Breaking with other Virginia federal judges who have considered the issue, Roanoke U.S. District Judge Samuel Wilson has decided the stricter “plausibility” standard used to judge civil complaints does not apply to affirmative defenses.

The ruling may be cold comfort for a defendant in a contract dispute case where Wilson tossed the party’s counterclaims and most of its affirmative defenses. Nevertheless, Wilson says there is a reason not to weigh affirmative defenses on the same scale as a plaintiff’s claims.

“Knowledge at the pleading stage is often asymmetrical, disproportionately favoring the pleading of a claim by a plaintiff who has had the opportunity to time its filing. While the plaintiff often can conduct an investigation before filing the complaint to ensure its allegations are adequately supported, the defendant must respond quickly after being served,” Wilson wrote.

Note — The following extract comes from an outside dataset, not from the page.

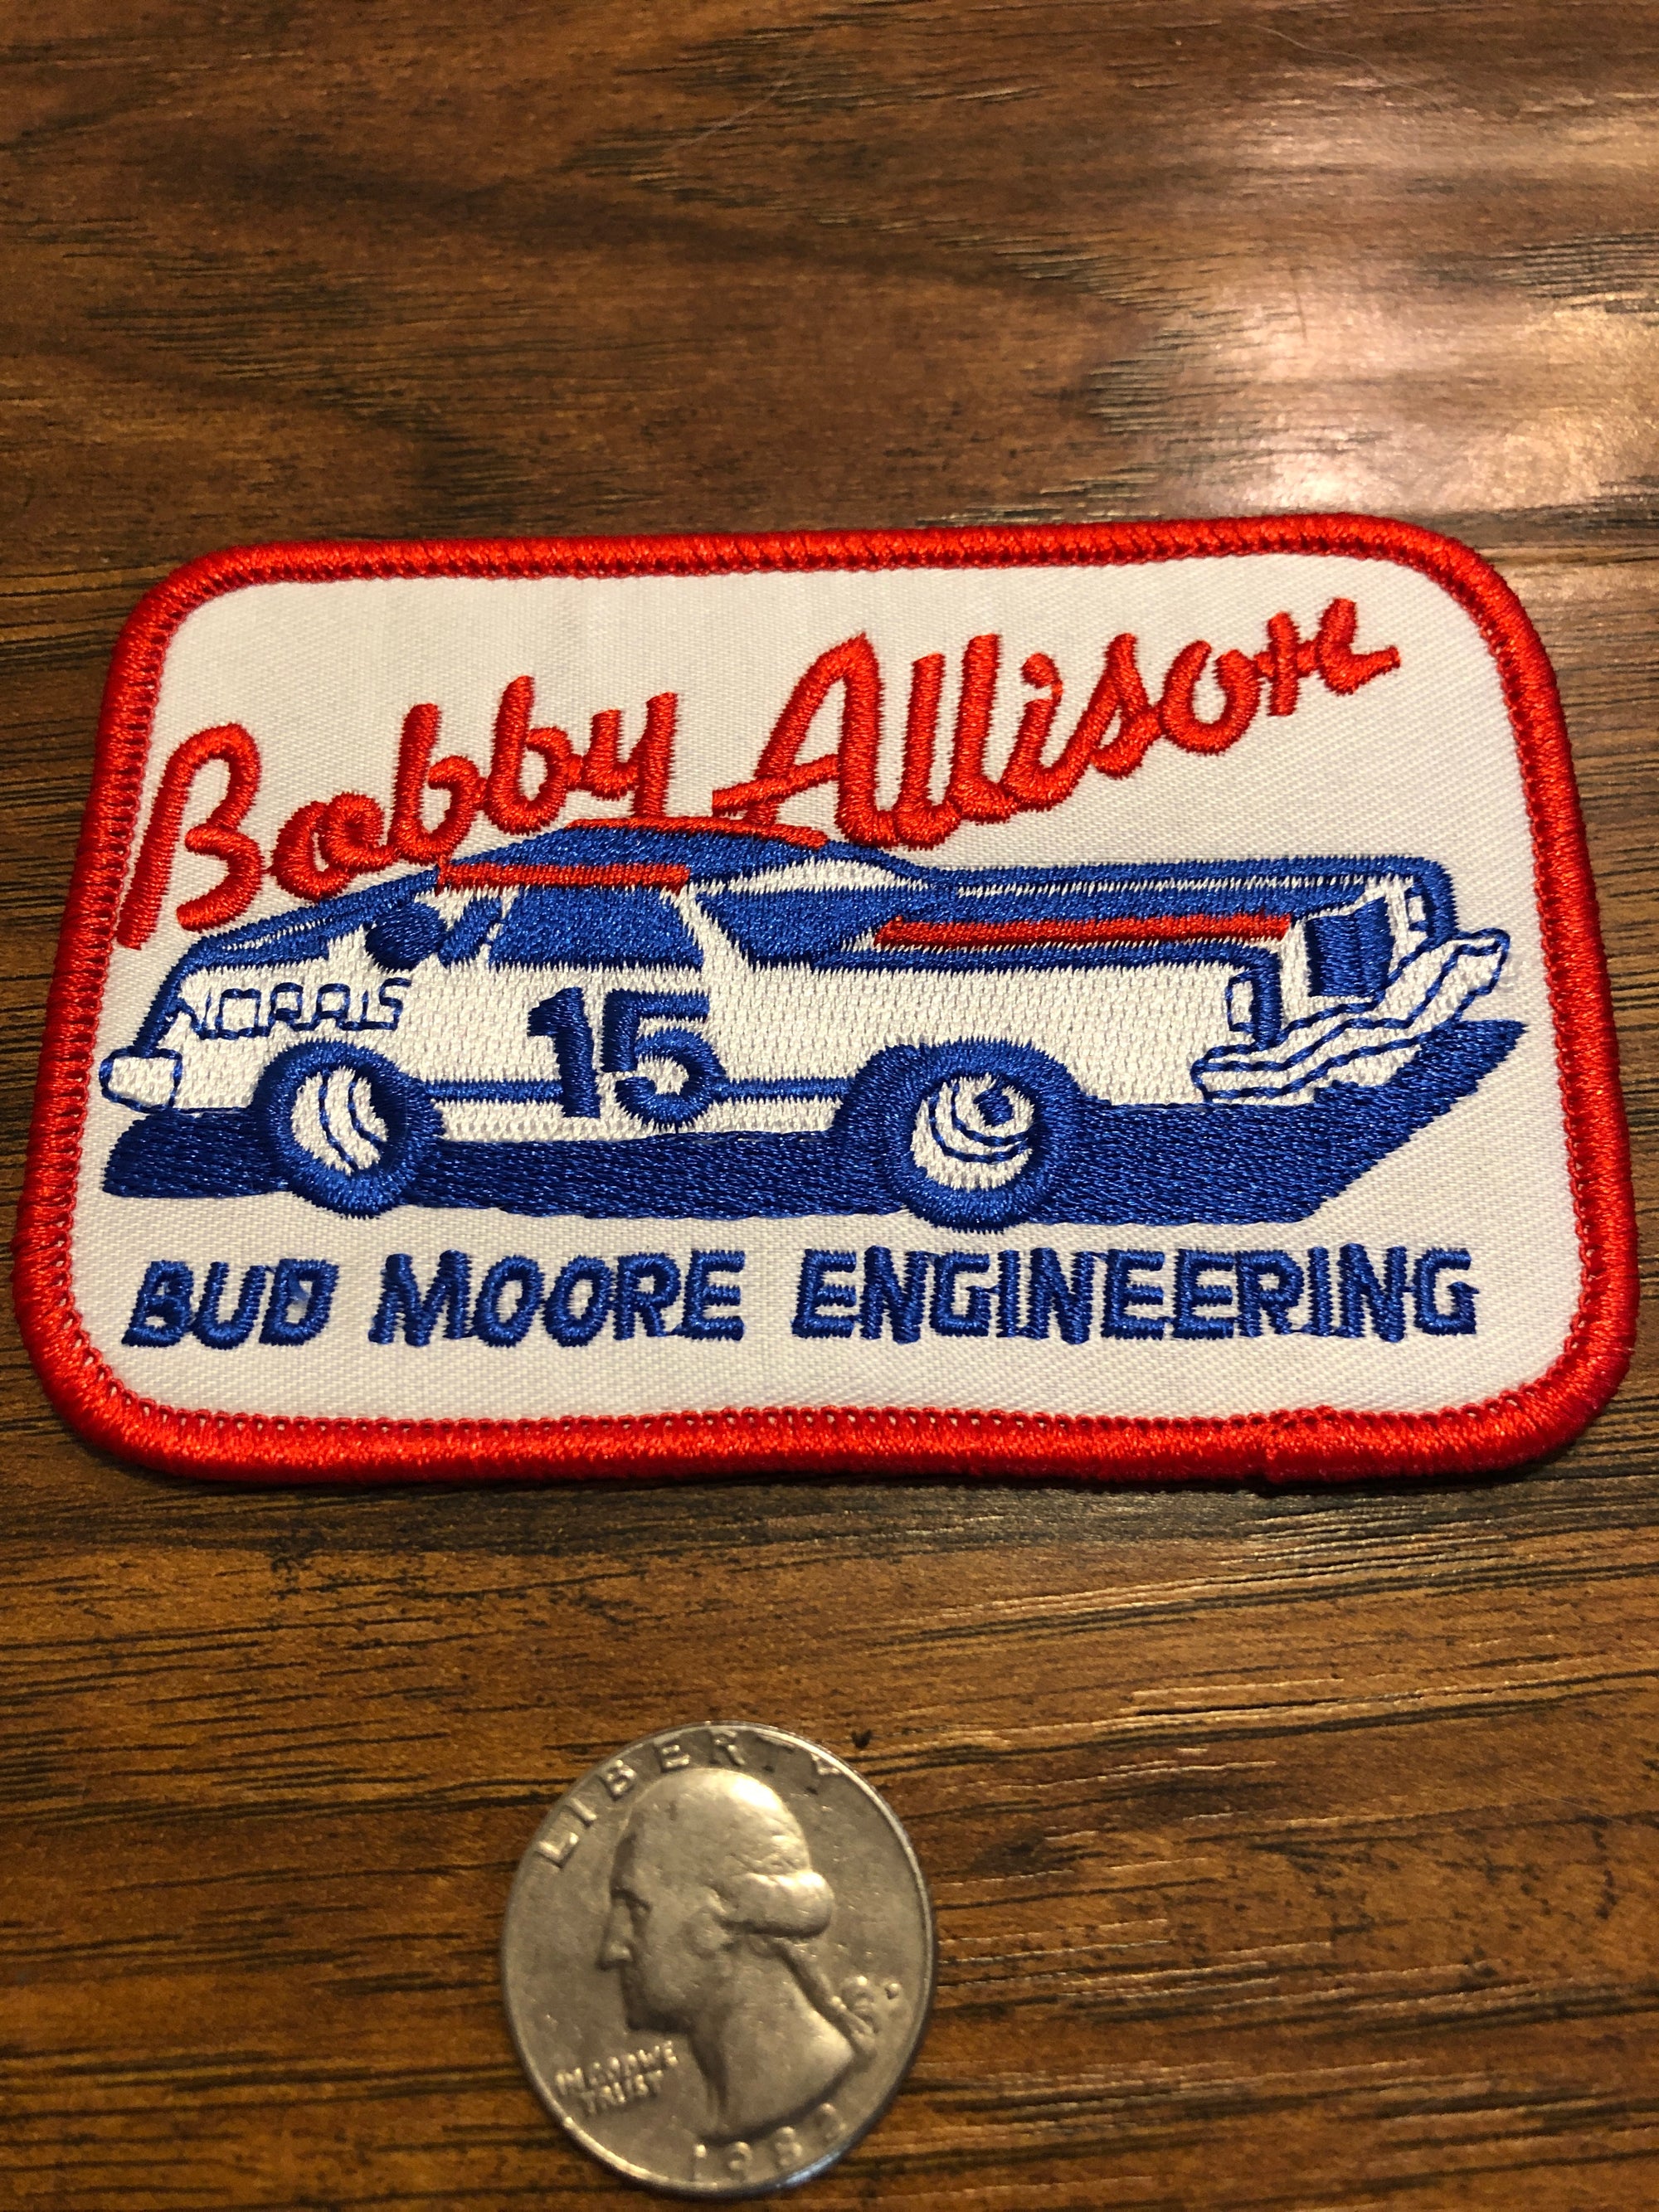 Bobby Allison, Racing, Race, Cars, NASCAR

Nevertheless, affirmative defenses still are subject to scrutiny under Rules 11 and 12 of the Federal Rules of Civil Procedure, Wilson said. In the case at hand, Wilson found only two of the defendant’s 19 affirmative defenses to  be “contextually comprehensible” so as to survive a motion to strike.

As VLW reported this summer, two U.S. magistrate judges from both the Eastern and Western Districts have held that the Twombly-Iqbal pleading standard applies with equal force to affirmative defenses.